▶ [HOW TO COMPLETE THIS TASK]
Pictures must not appear; the answer is exactly the lines from the one that holds "Whole cooked air" through the end of the material.

▶ [RAW DATA]
········
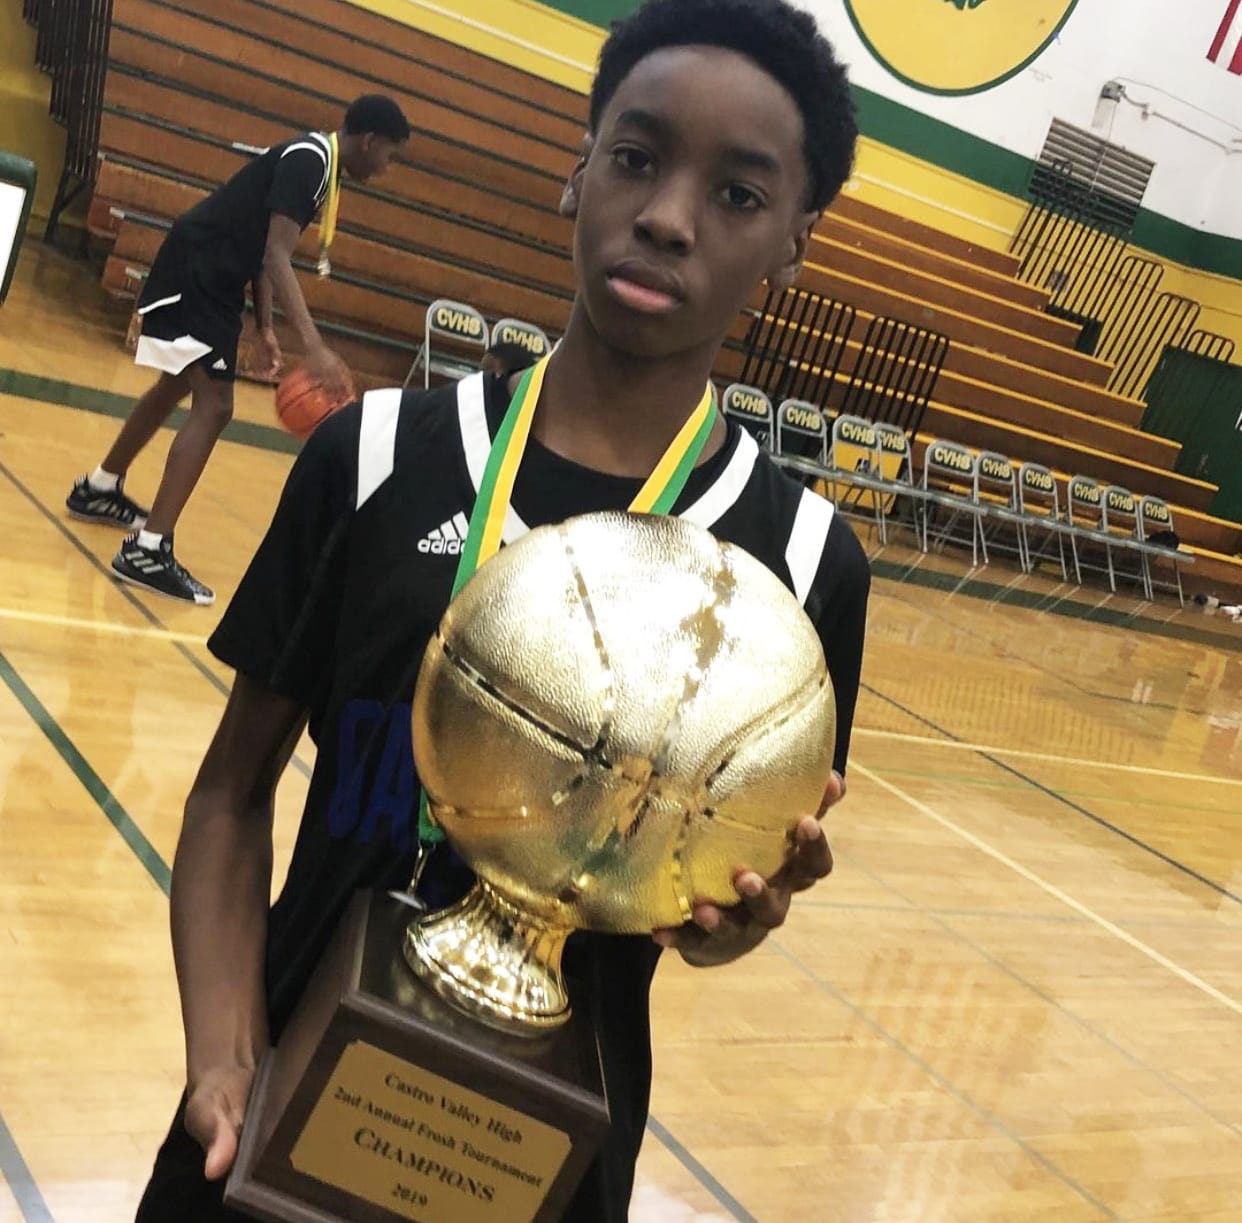 Jeremiah-Riley-14-son-of-Iesha-James-with-basketball-trophy, Help rebuild 14-year-old Jeremiah, struck by a stray bullet in East Oakland, Local News & Views 
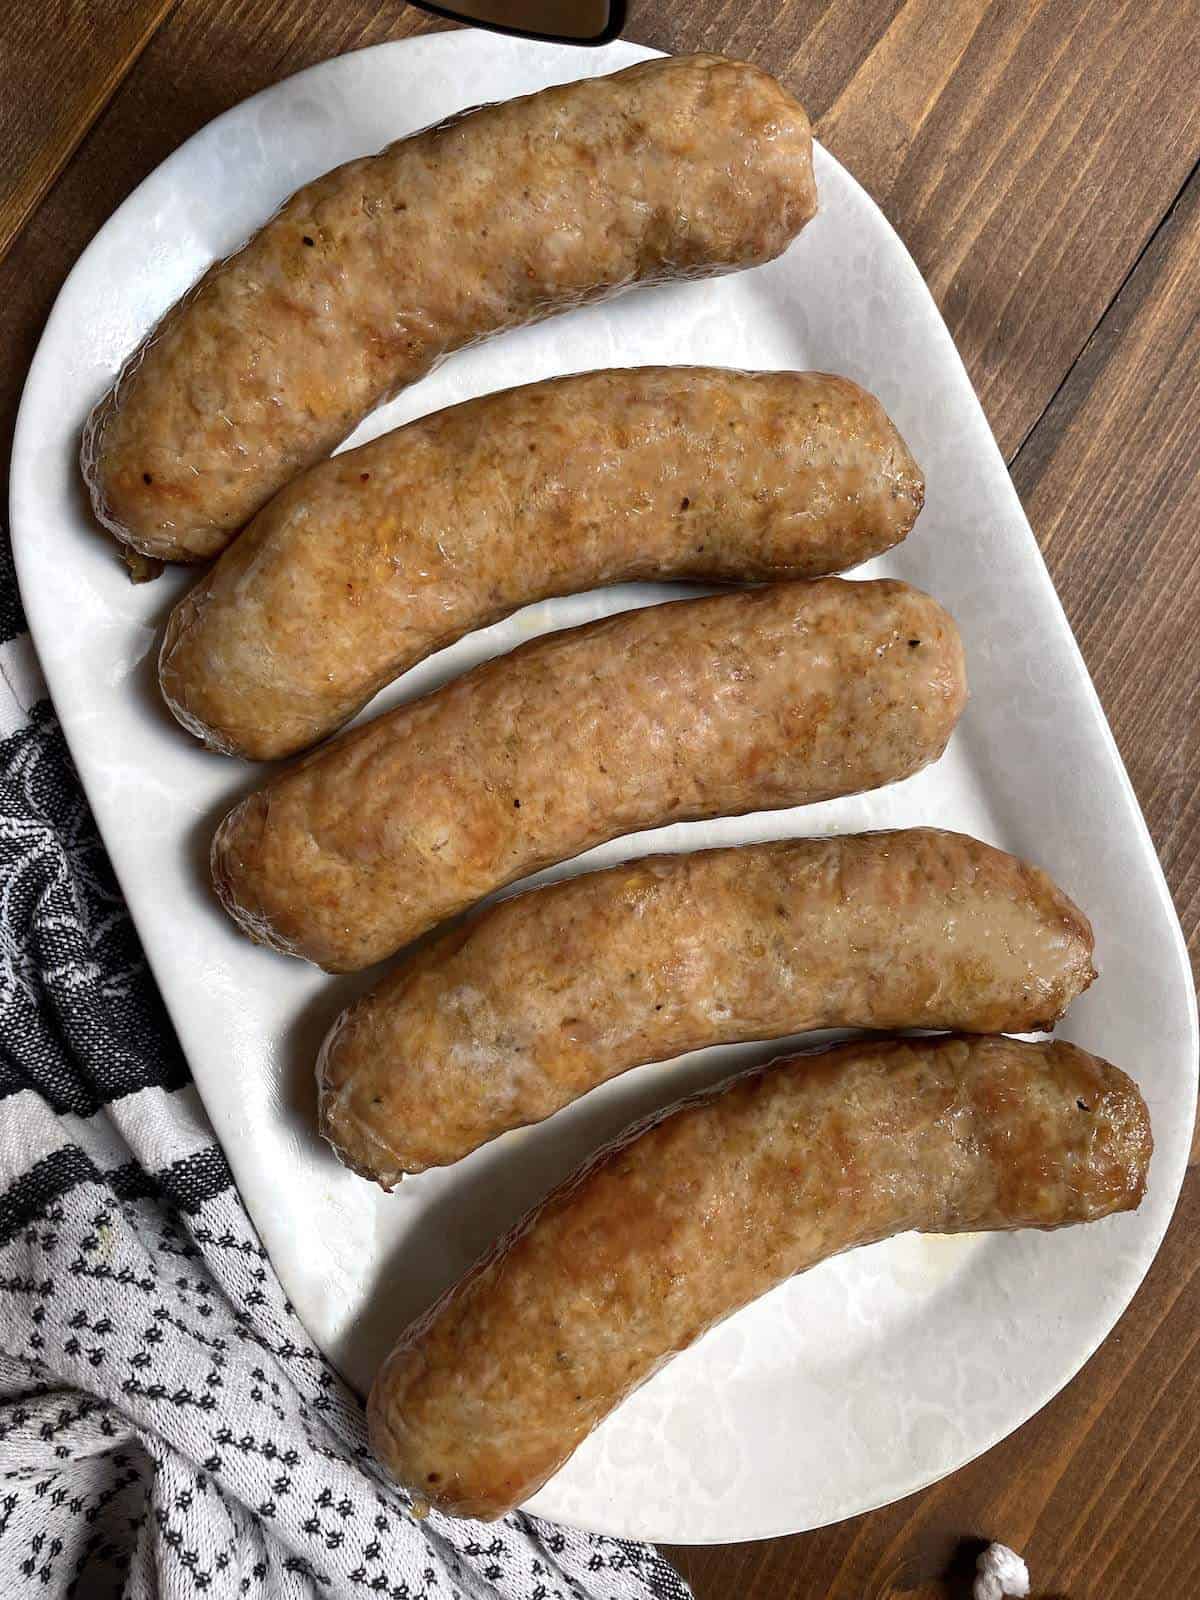 Whole cooked air fried Italian sausages on a white plate.
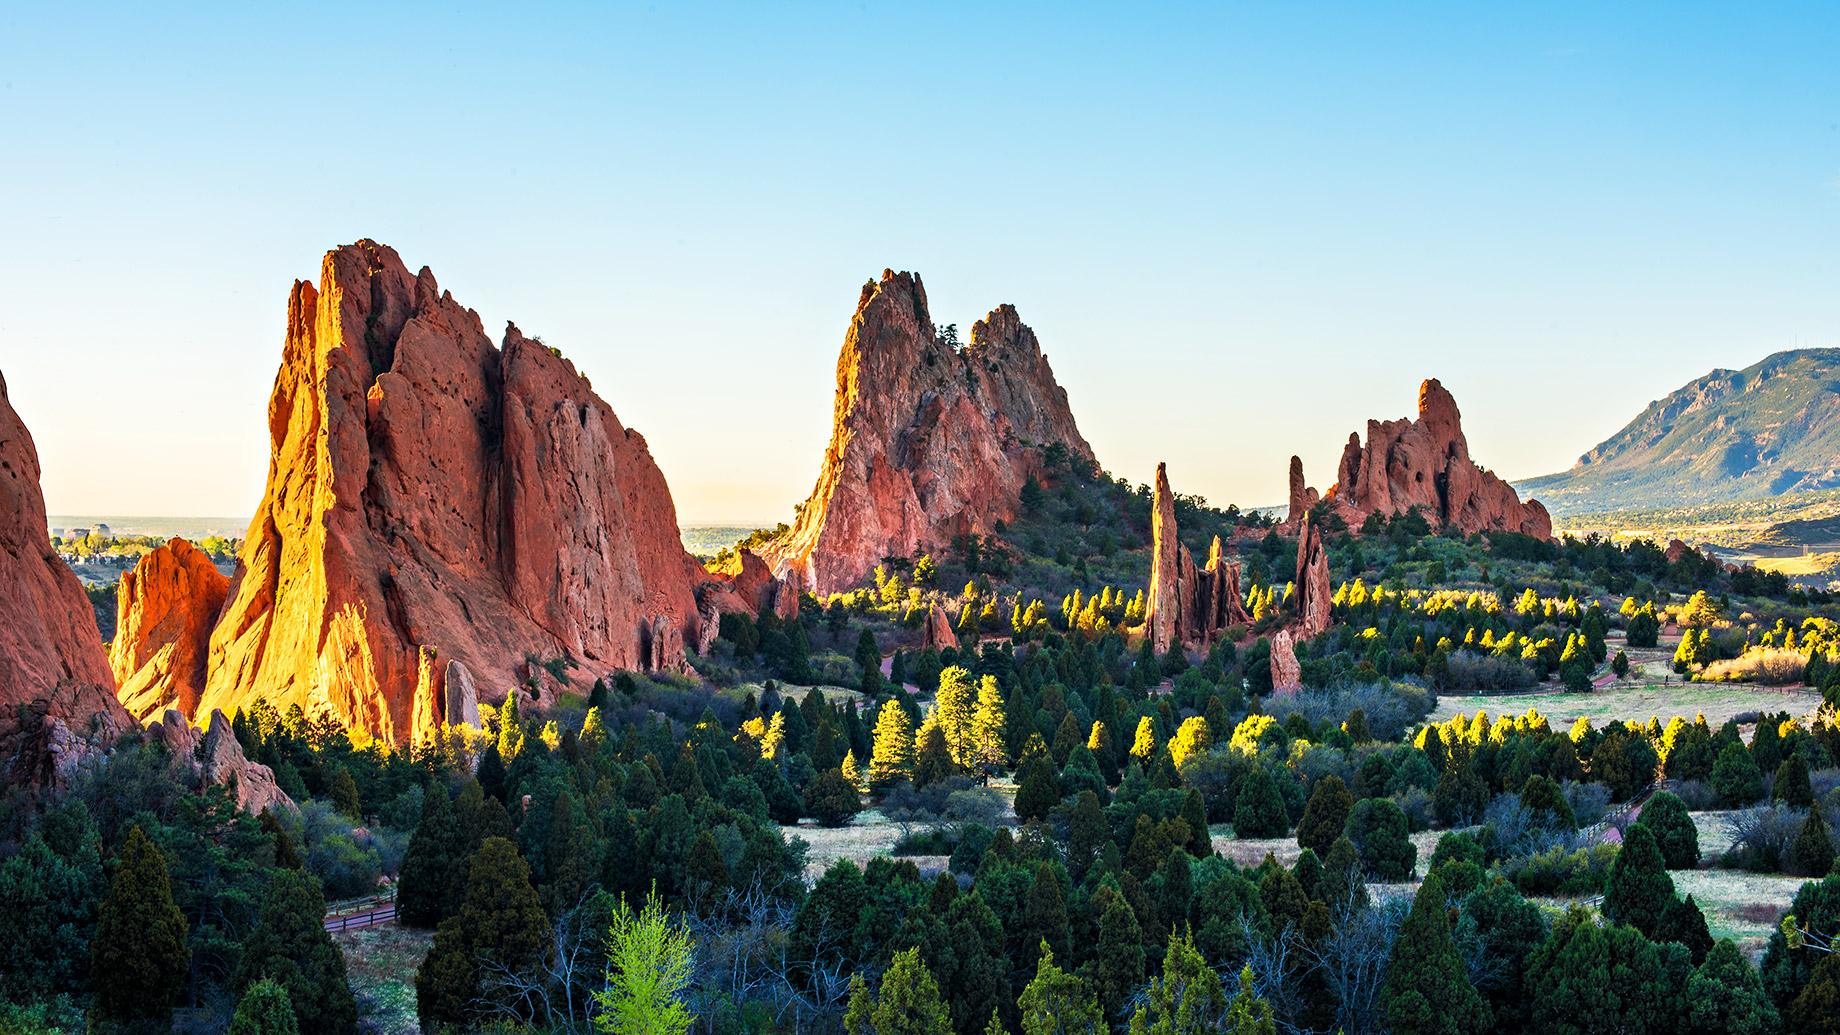 Sunrise at the Garden of the Gods in Colorado Springs, CO, USA
········
▶ [RESPONSE BELOW]
 Whole cooked air fried Italian sausages on a white plate.
 Sunrise at the Garden of the Gods in Colorado Springs, CO, USA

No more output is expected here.